The US is tolerating Israel’s mistreatment of US citizens of Palestinian origin, Arab-American advocates are saying. Israeli authorities have recently refused entry to several Palestinians with US passports, including an outspoken activist.
When Nerdeen Kiswani tried to cross into the West Bank at the Allenby Bridge crossing, she was interrogated for 15 hours, and then denied entry based on her “hostile behavior towards Israel.”
Kiswani, a student at CUNY Staten Island and Hunter College in New York City, has crossed without much trouble in 2013 and 2014. Last month, however, Israeli border guards interrogated her about her political activism, including the involvement with Students for Justice in Palestine (SJP) and the Boycott, Divestment and Sanctions (BDS) movement. Her US passport meant nothing to the Israelis, Kiswani told RT.
“It doesn’t matter to them what passport Palestinians hold,” she said.
“I think simply being a Palestinian in itself is a threat to Israel, because it challenges their narrative,” said Kiswani, who believes she was singled out because of her outspoken activism.
Palestinians not involved in activism have faced similar treatment, however.

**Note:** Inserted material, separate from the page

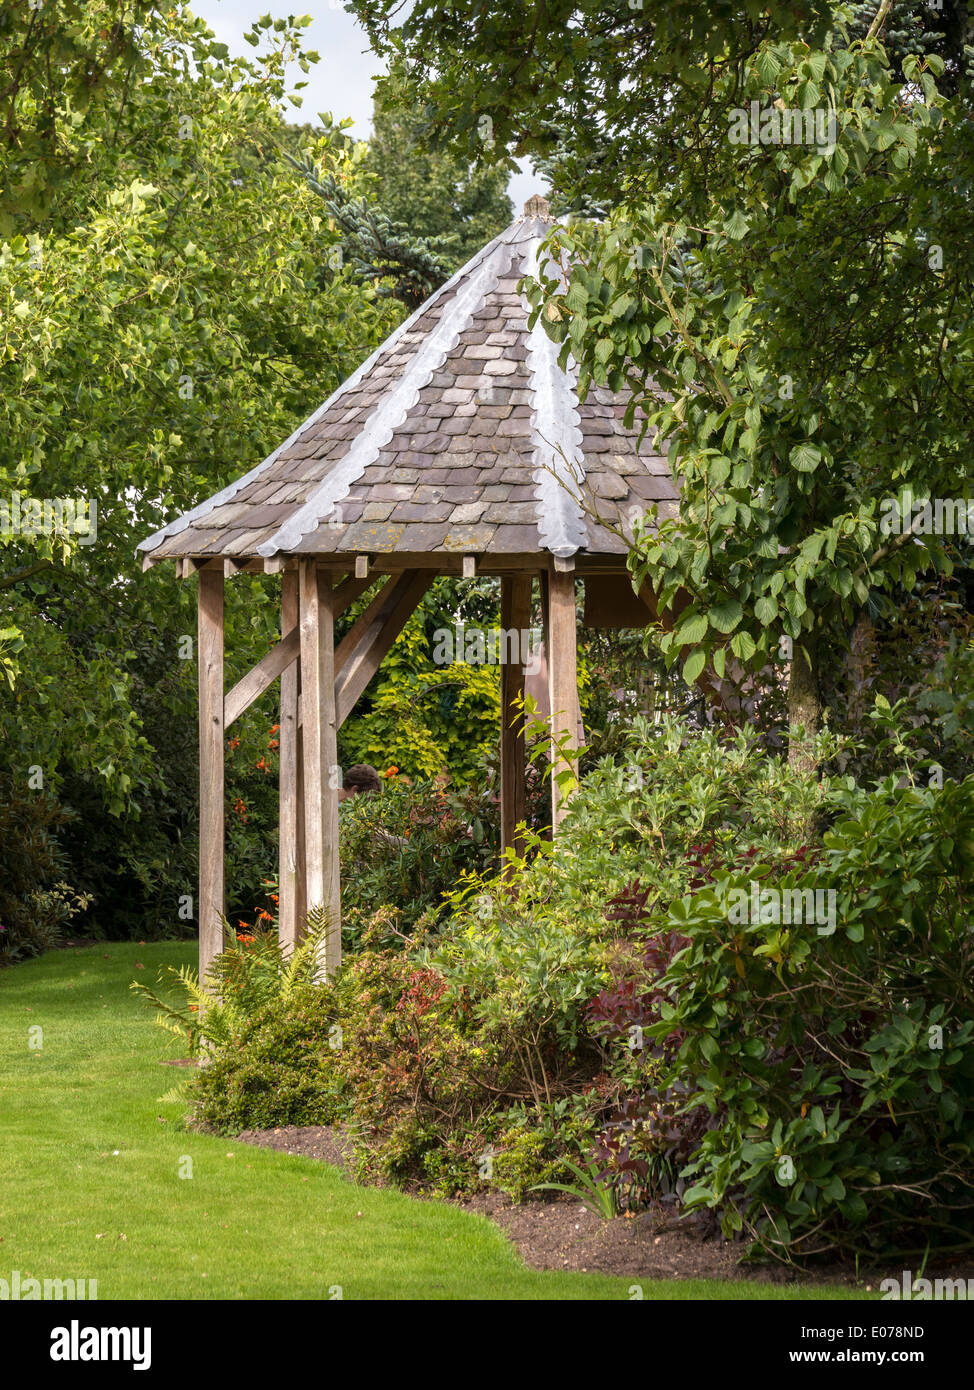 Achteckige Pavillon mit Schiefer Steildach und Pfosten und Balken Eichenrahmen im Garten mit Rasen, Bäumen und Sträuchern Stockfoto

George Khoury, 70, was a deacon from San Francisco on a pilgrimage, while Habib Joudeh, 62, was a Brooklyn pharmacist headed for a family wedding. Both flew into Ben Gurion international airport last month, and had to fly back at their own expense, according to James Zogby, president of the Arab American Institute.
Writing in The Hill, Zogby blasted the US government’s position on the issue, which he said amounted to quiet consent. The State Department’s travel advisory page for Israel simply notes that “Israeli authorities consider anyone who has parents or grandparents who were born or lived in the West Bank or Gaza to have a claim to a [Palestinian Authority] ID.”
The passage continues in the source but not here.